## Information provided
──────────────────────────────
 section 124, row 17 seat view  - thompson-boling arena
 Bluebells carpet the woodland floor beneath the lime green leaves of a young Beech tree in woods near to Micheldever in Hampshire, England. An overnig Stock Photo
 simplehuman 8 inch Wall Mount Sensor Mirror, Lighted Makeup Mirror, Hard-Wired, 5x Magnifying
──────────────────────────────
## Exercise
Every line of the listing above should be copied word for word.

## Solution to the problem
 section 124, row 17 seat view  - thompson-boling arena
 Bluebells carpet the woodland floor beneath the lime green leaves of a young Beech tree in woods near to Micheldever in Hampshire, England. An overnig Stock Photo
 simplehuman 8 inch Wall Mount Sensor Mirror, Lighted Makeup Mirror, Hard-Wired, 5x Magnifying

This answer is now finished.